**WHAT TO DO:** Write out exactly the lines below starting at the one containing "Mario Tennis: Power" and ending at the one containing "Vintage cameras including". Omit every picture.

**THE RECORDS:**
= Beginning of Section =

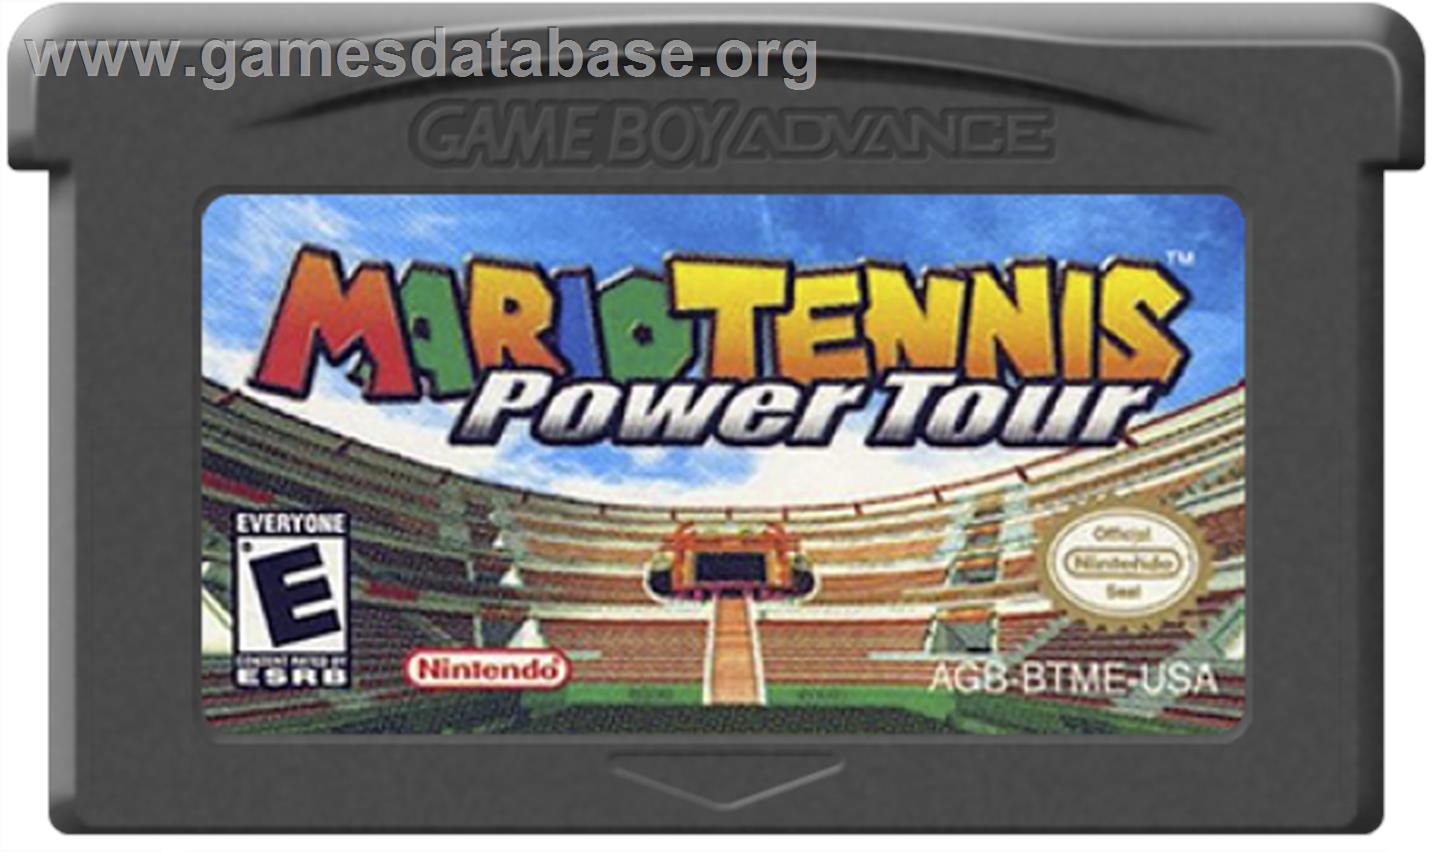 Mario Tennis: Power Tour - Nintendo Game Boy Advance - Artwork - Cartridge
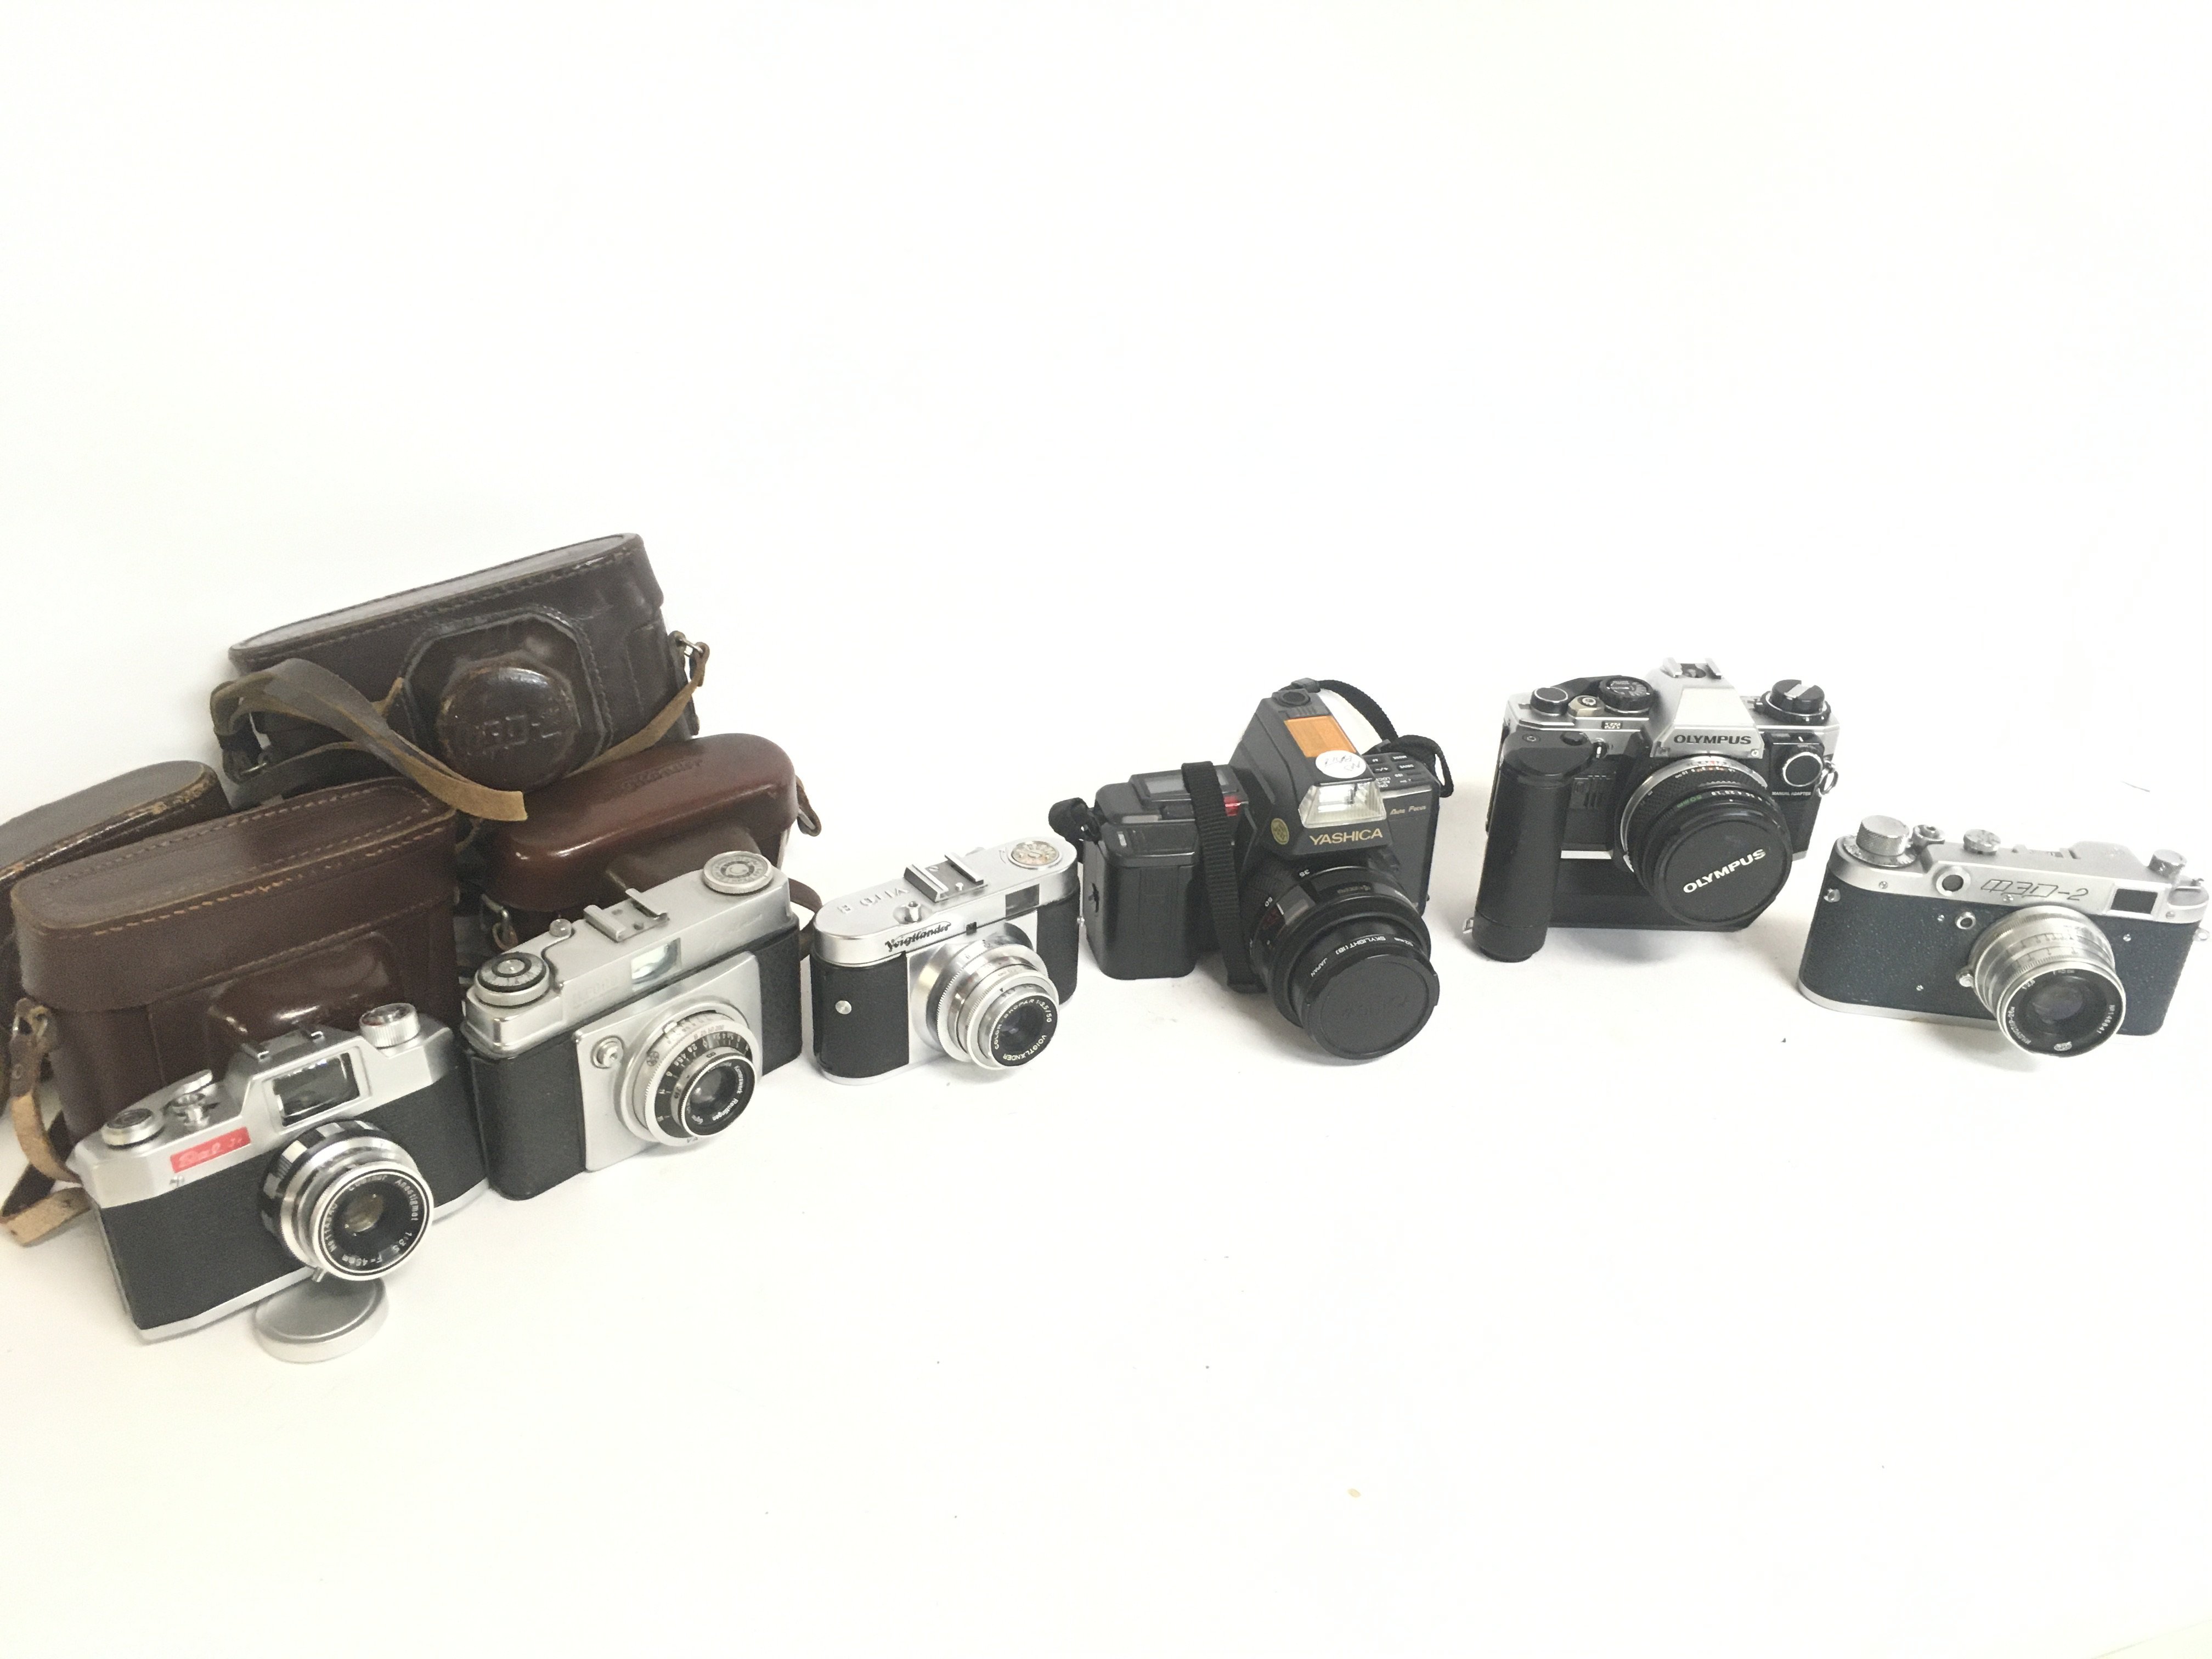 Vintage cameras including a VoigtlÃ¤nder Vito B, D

= End of Section =
= Beginning of Section =

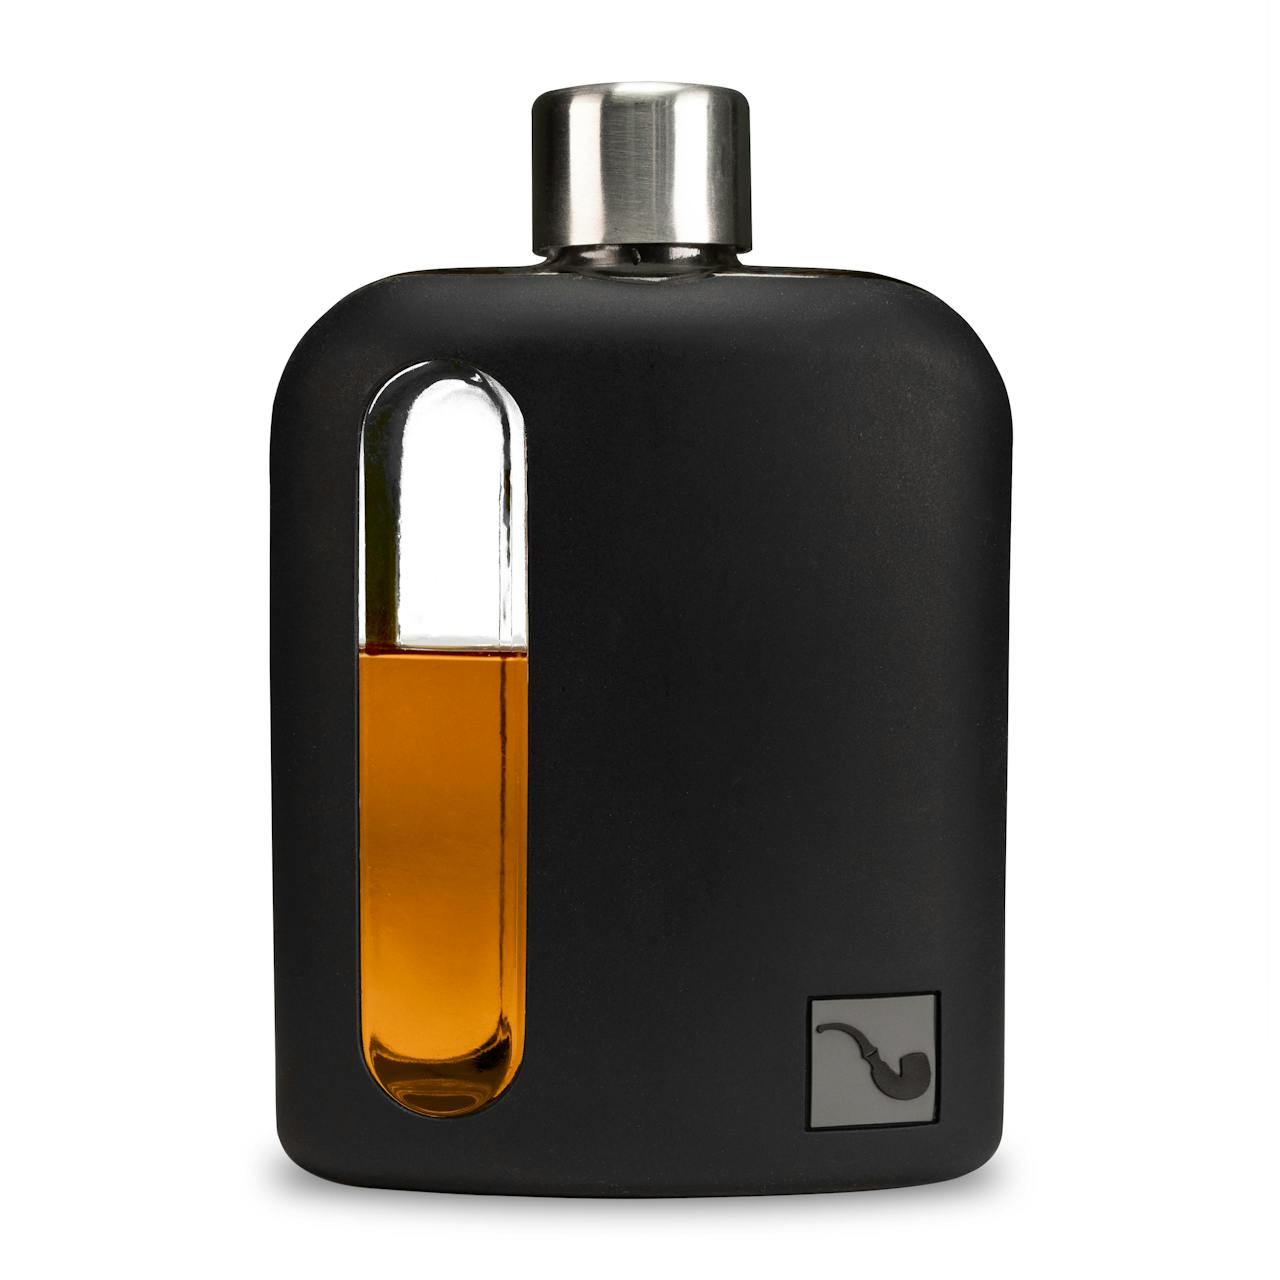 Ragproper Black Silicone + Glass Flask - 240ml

= End of Section =
= Beginning of Section =

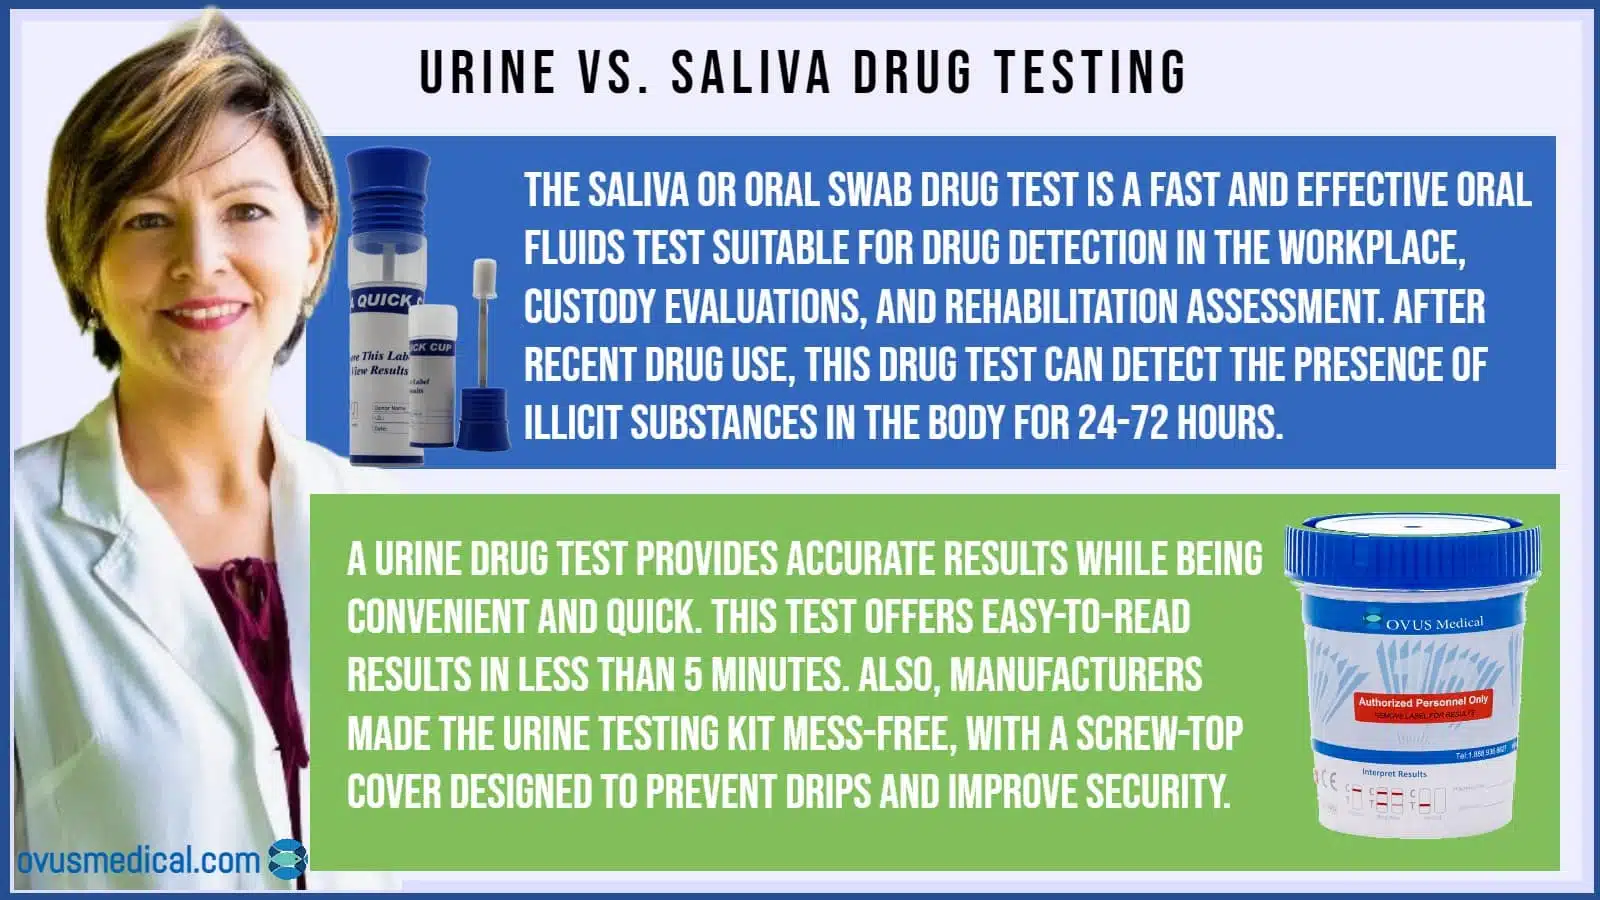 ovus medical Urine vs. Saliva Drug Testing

= End of Section =

**YOUR RESPONSE:**
 Mario Tennis: Power Tour - Nintendo Game Boy Advance - Artwork - Cartridge
 Vintage cameras including a VoigtlÃ¤nder Vito B, D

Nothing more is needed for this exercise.